Two assessments of Scotland's future
It's about spending, it's about taxation, it's about people, it's about politics, it's about propaganda, it's about claim and counter-claim, it's about oil.
On the same day we had not one but two documentary assessments of the economic future of Scotland under independence.
Danny Alexander set out Treasury thinking at a briefing in an Edinburgh hotel, watched by civil servants, special advisers, sundry economists and the wicked media.
A few yards up the hill, Alex Salmond offered Scottish government analysis.
Mr Alexander appeared to believe that the Scottish government effort was a spoiler. Not so, said Mr Salmond.
You will find the substance elsewhere on these pages. Perhaps it might be pertinent though to draw attention to one or two facets.
Firstly, the prelude.
The Treasury scarcely helped its case by highlighting an estimate of the start-up costs for independence which was predicated upon an academic study by the LSE.
That resulted in a high figure being promulgated. The LSE academic cited said his analysis had been "badly misrepresented".
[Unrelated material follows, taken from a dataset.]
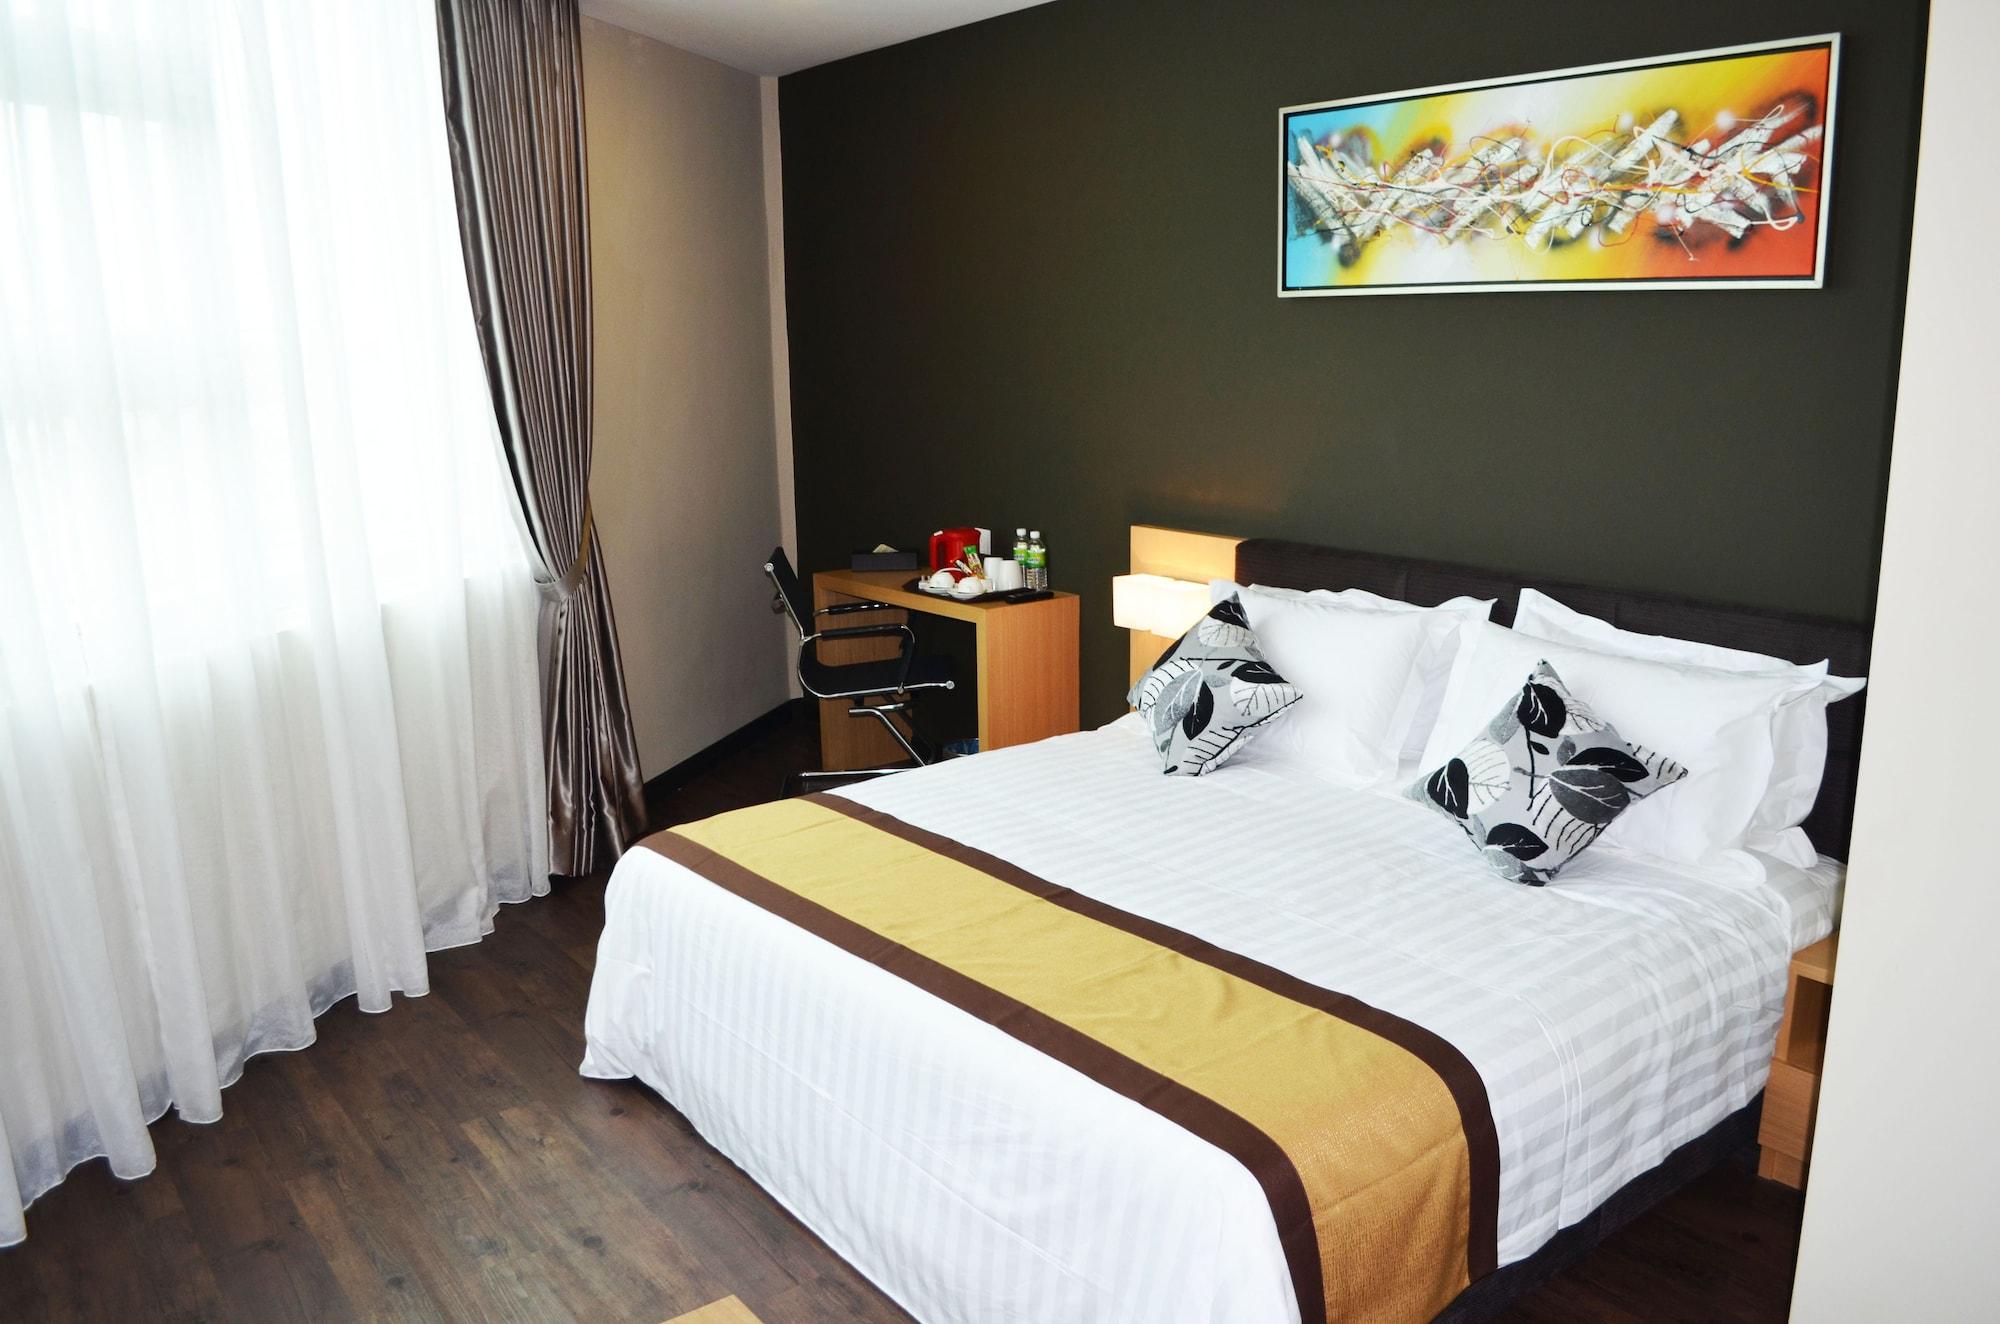 Q Bintang Hotel, Pokok Sena
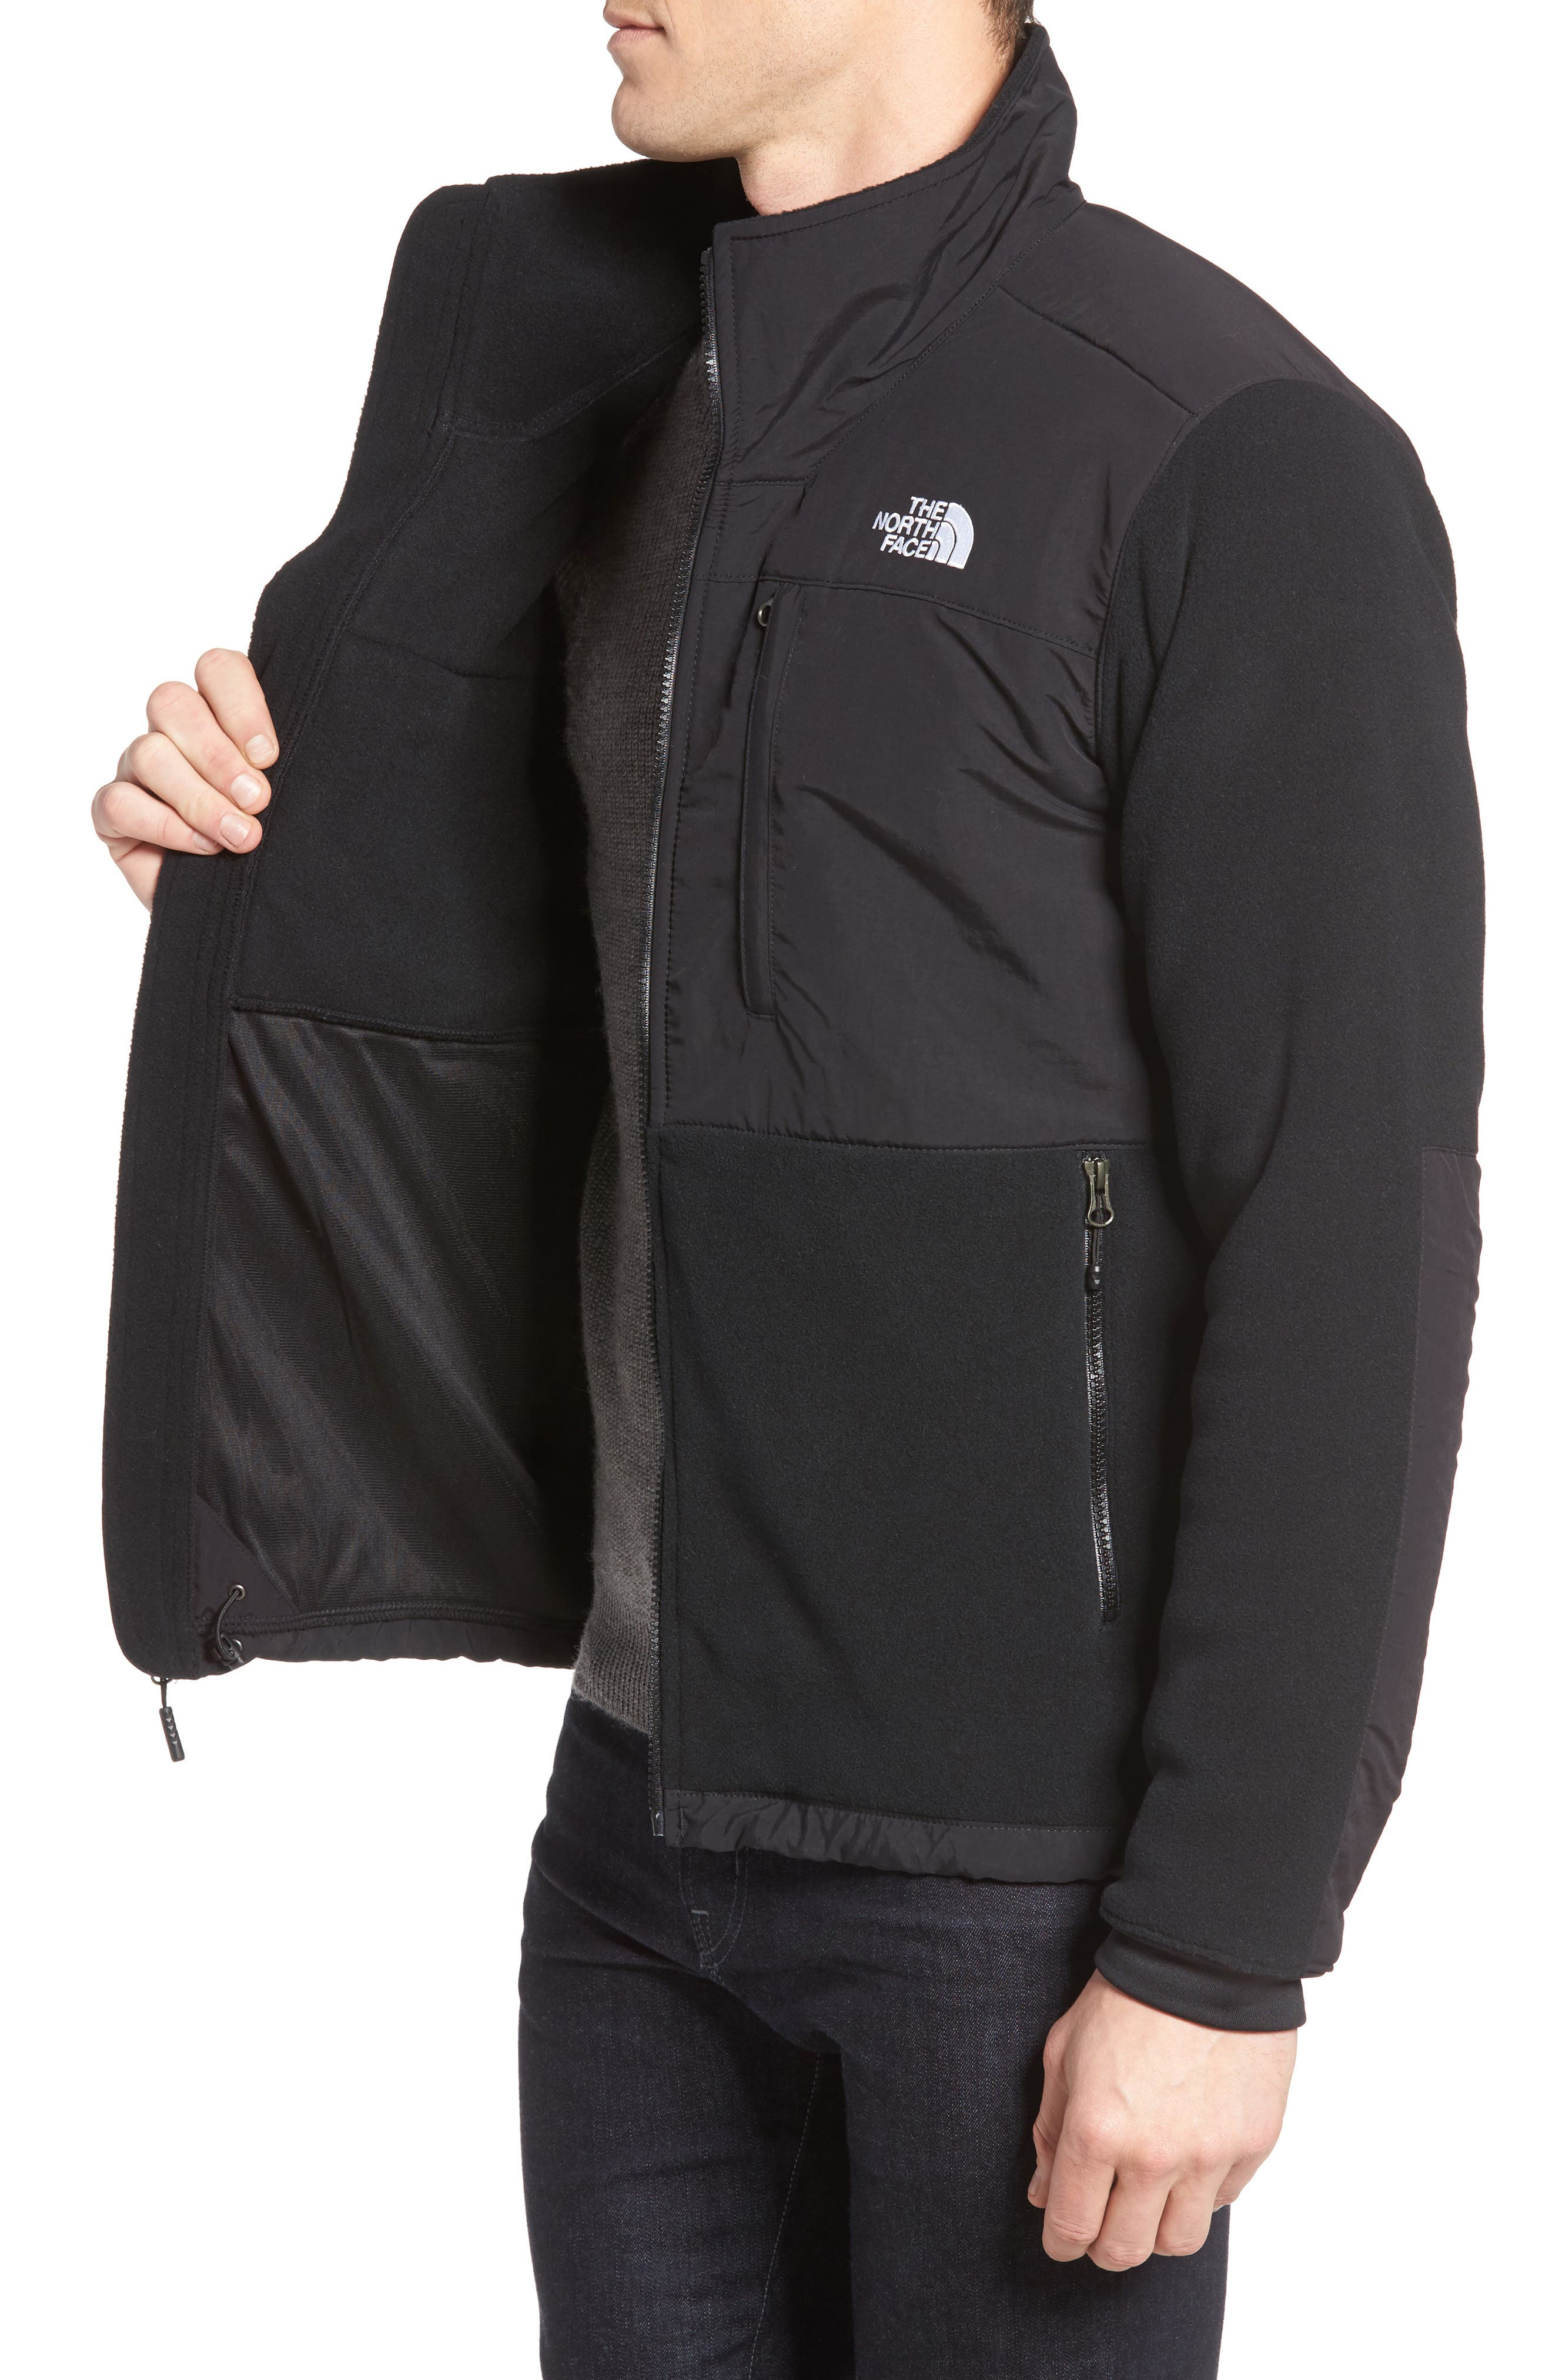 Denali 2 Recycled Fleece Jacket,                             Alternate thumbnail 4, color,                             001

According to Scottish ministers like John Swinney, that controversy "completely undermined" the Treasury case, casting doubt upon the entire exercise.
Treasury Ministers stressed their final, published report did not use that figure - and, in any case, start-up costs were but a tiny proportion of the overall bill which independence would involve (some £4, they say, out of the total "Union dividend" of £1400).
Further, critics of the Scottish government position noted that Mr Swinney repeatedly declined to offer his own estimate of start-up costs when interviewed on the wireless (BBC Radio Scotland, naturally).
Mr Swinney said there would be a range of factors in play, including the negotiations over assets with the remainder of the UK.
Mr Salmond said that the traduced academic, Professor Dunleavy, had produced a figure of around £250m in start-up costs. He broadly agreed.
Treasury ministers said that was risibly low.
'Stasis versus growth'
To other matters.
Consider the different nature of the approach by the two governments. You could characterise this as stasis versus growth.
The Treasury took the current position in which, they said, Scottish spending is roughly one thousand pounds per head higher than elsewhere in the UK.
Under independence, that cost would fall solely upon Scotland.
Add to that, they said, a disproportionately ageing population, declining oil revenues linked to over-ambitious Scottish government estimates of return, those start-up costs - and you have a bill totalling £1400 for every person in Scotland to fund independence.
Intriguingly, the Treasury turns that round into a "dividend" under the Union: a positive depiction.
It would appear that strategists have heard the message that negative campaigning - or what can be depicted as negative campaigning - can be counter-productive.
Question: if the bulk of that dividend is predicated upon higher spending, via the Barnett formula, does that amount to a guarantee that said spending lead will continue?
I reminded Mr Alexander that his party had gained coalition power in Westminster on the basis of a manifesto which promised a needs-based distribution of spending.
He said that had been overtaken and no political party was now contemplating the removal of Barnett.
Then the growth scenario.
Mr Salmond says that, over fifteen years, Scotland could accumulate a £5bn "independence bonus" - some £1000 per person.
Question: say the growth fails to materialise or falls short. What happens to the bonus?
Mr Salmond said that small countries with economic levers had proven remarkably adept at generating growth.
Nevertheless, there is uncertainty inherent in each offer. No surprise given that our recipe here is economic forecasting blended with political machination.
The Scottish government has now downgraded its projections of North Sea tax receipts.
They use various scenarios but, taking the one they highlighted a year ago, the figure for 2016/17 - the putative year of independence - is down from £7.9bn to £6.9bn.
In an analysis of the contest today, the Institute for Fiscal Studies points out the difference between even this revised figure and the £2.9bn used by the Office for Budget Responsibility.
That, say the IFS, is the crucial gap between the Treasury and the Scottish government.
Mr Salmond's critics tend to point to the OBR statistic, as quoted by the IFS. Mr Salmond says they have routinely under-estimated the oil price.
A significant day. Not decisive either way. Not final, by any means.
But much of the remainder of this prolonged exercise in public persuasion will be founded upon the competing visions of independence offered today.